Genki Wear Star Trek Perfume  – A trio of scents from the final frontier
There are three fragrances planned for 2009 with the monikers “Tiberius” “Red Shirt” and “Ponn Farr.”

gw_tiberius_tAs if the names weren’t enough, it gets better.  “Tiberius”, named after the mirror universe version of James T. Kirk, challenges wearers to “Boldly go” with “notes of freshness and sensuality.”  Genki Wear states that “[Tiberius] … has sweet citron zest, black pepper, and cedar as its top notes (top notes refers to those scents that are noticeable first) and warm vanilla, white musk, and sandalwood as its base notes (scents perceived last, usually about a half hour after application).”  Personally I loved the caption under the image of the nice looking custom crafted box, “Command your essence with Tiberius, the cologne,” classic.

gw_redshirt_t

As much as I love the thought of “Tiberius” cologne I think I’d have to go with “Red Shirt” myself, if for no other reason than it’s tag line is “Because Tomorrow May Never Come.”  I have to give Genki Wear credit for keeping the campy humor of the show in tact while providing what looks to be an actual quality product (unlike the Star Trek First Contact travel set from 1996 – though it also had a wallet and soap!)  The caption for “Red Shirt”?  Live every day as if it could be your last, with ‘Red Shirt’ cologne. Simply fantastic.

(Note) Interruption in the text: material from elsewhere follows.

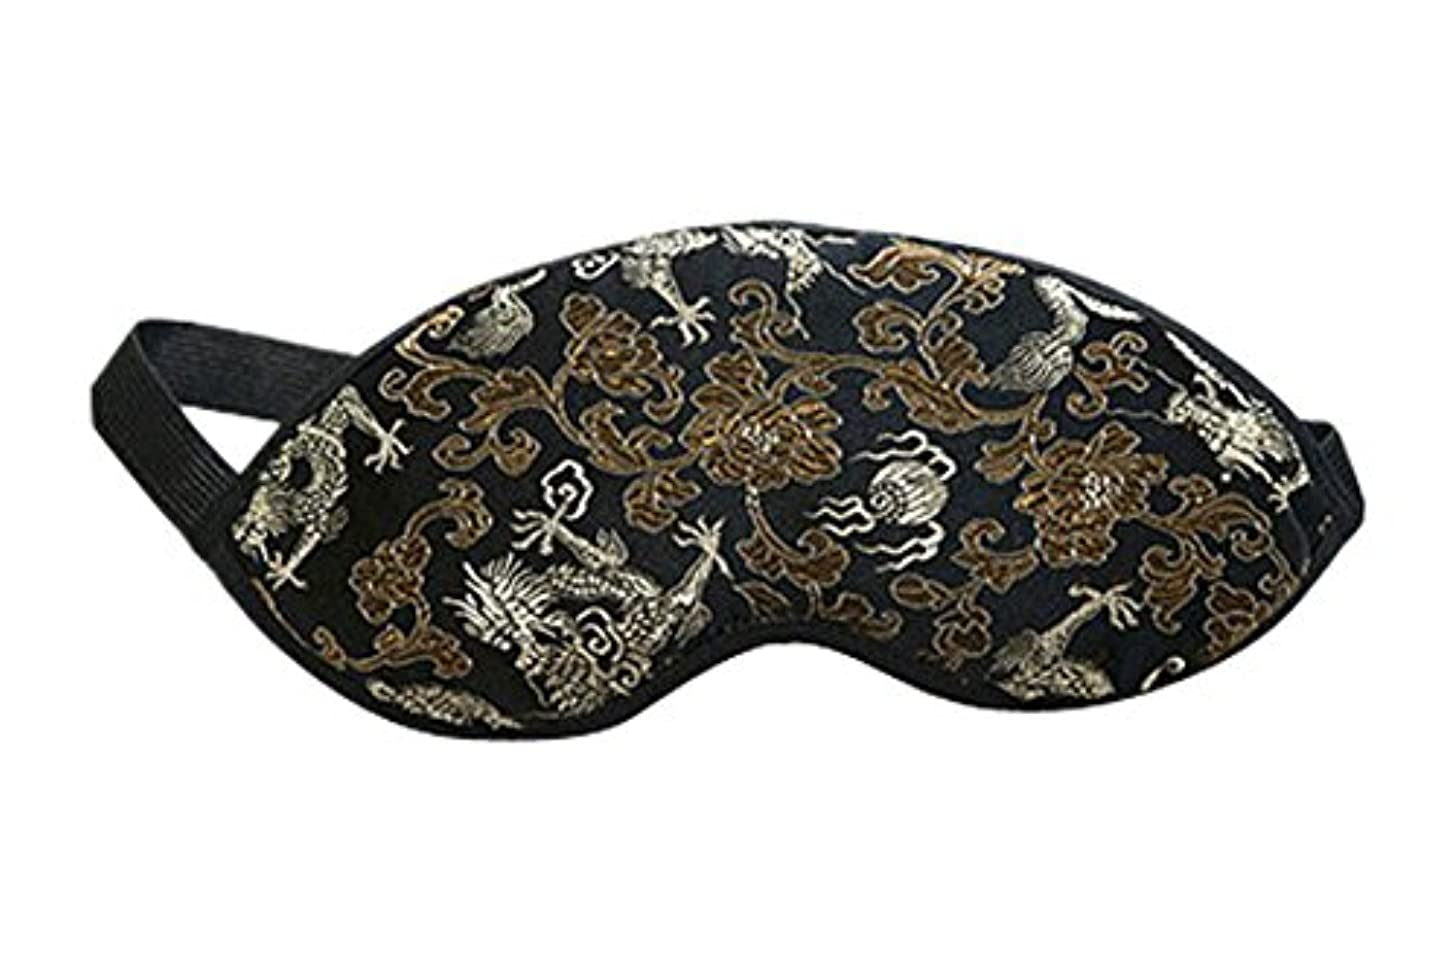 出版息切れ好奇心盛スリープドラゴン用の刺繍ドラゴンソフトシルクアイマスク

The final product in the “trio” of scents is a perfume titled “Ponn Farr” making it clearly the most risqué of the group as it’s named after the, once every seven year, Vulcan mating ritual learned about in the episode “Amok Time”.  The perfume promises to “drive him wild” and lets face it, if Spock can’t remain calm, cool and collected during “Ponn Farr” what chance do we have?

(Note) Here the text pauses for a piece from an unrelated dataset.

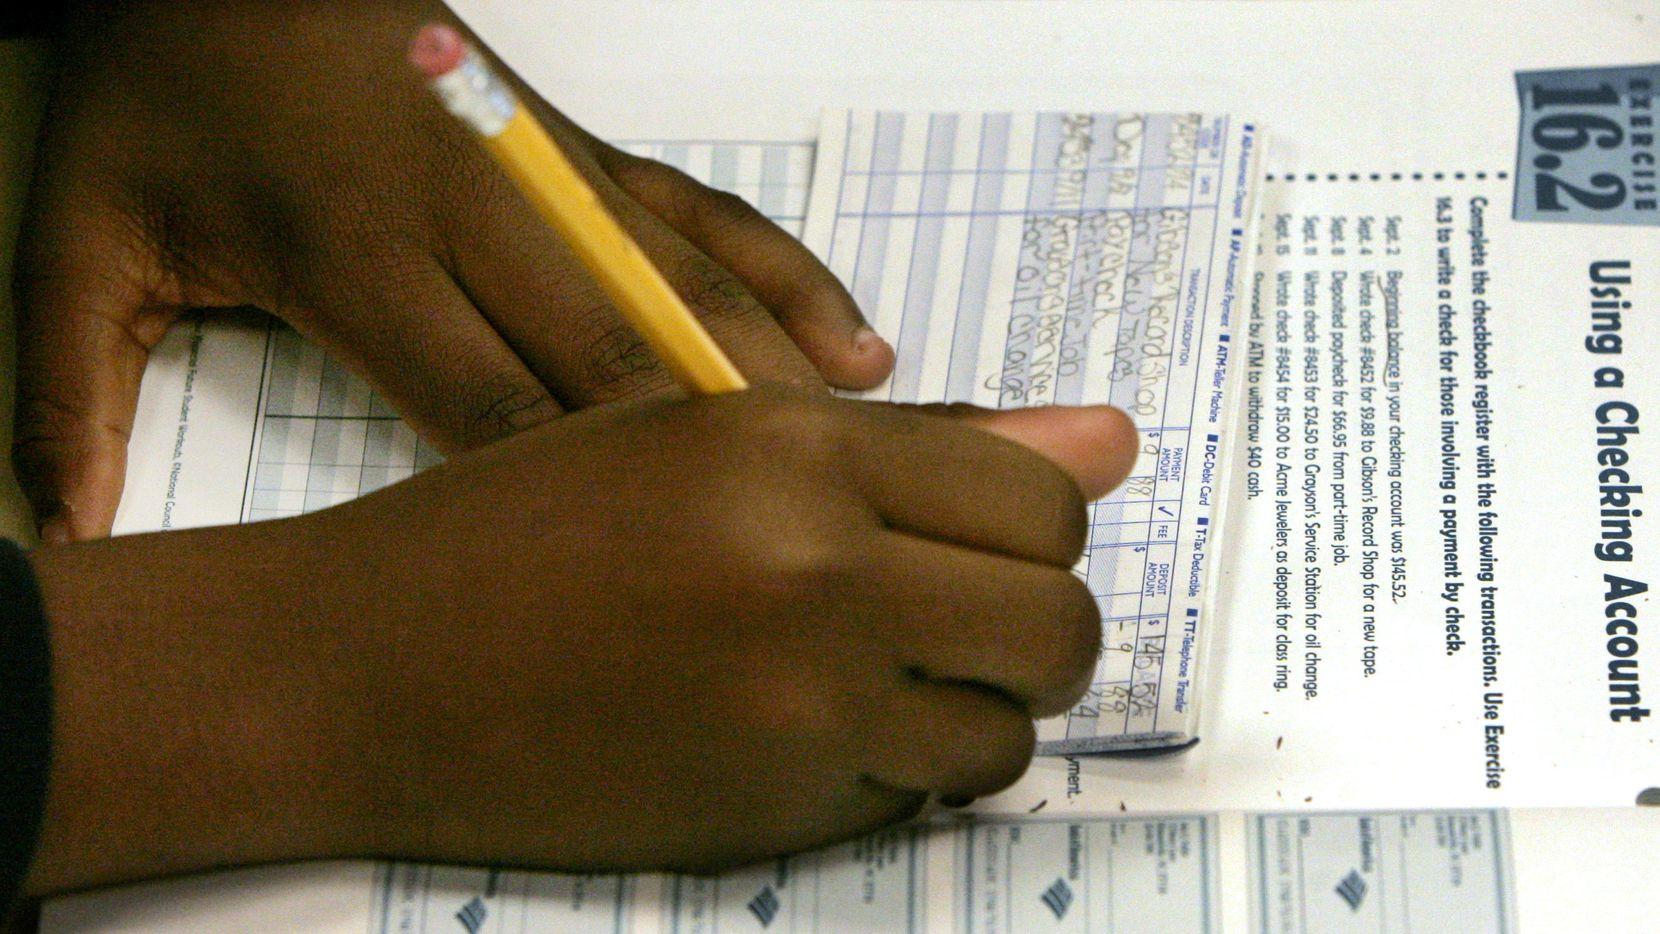 Tomar clases de finanzas personales es una buena opción. AP Foto/Charles Rex Arbogast, Archivo)

If you’re looking to add these items to your collection they will cost you between $30 and $40 for a 3.4oz bottle.  On the plus side, this is one of the very few Star Trek collectibles that actually has a functional purpose and the company believes it’s fragrances are comparable to Chanel or Cartier.  I guess that’s why they didn’t make “Bones” or “Old Scotch Drunk”.  Maybe next year.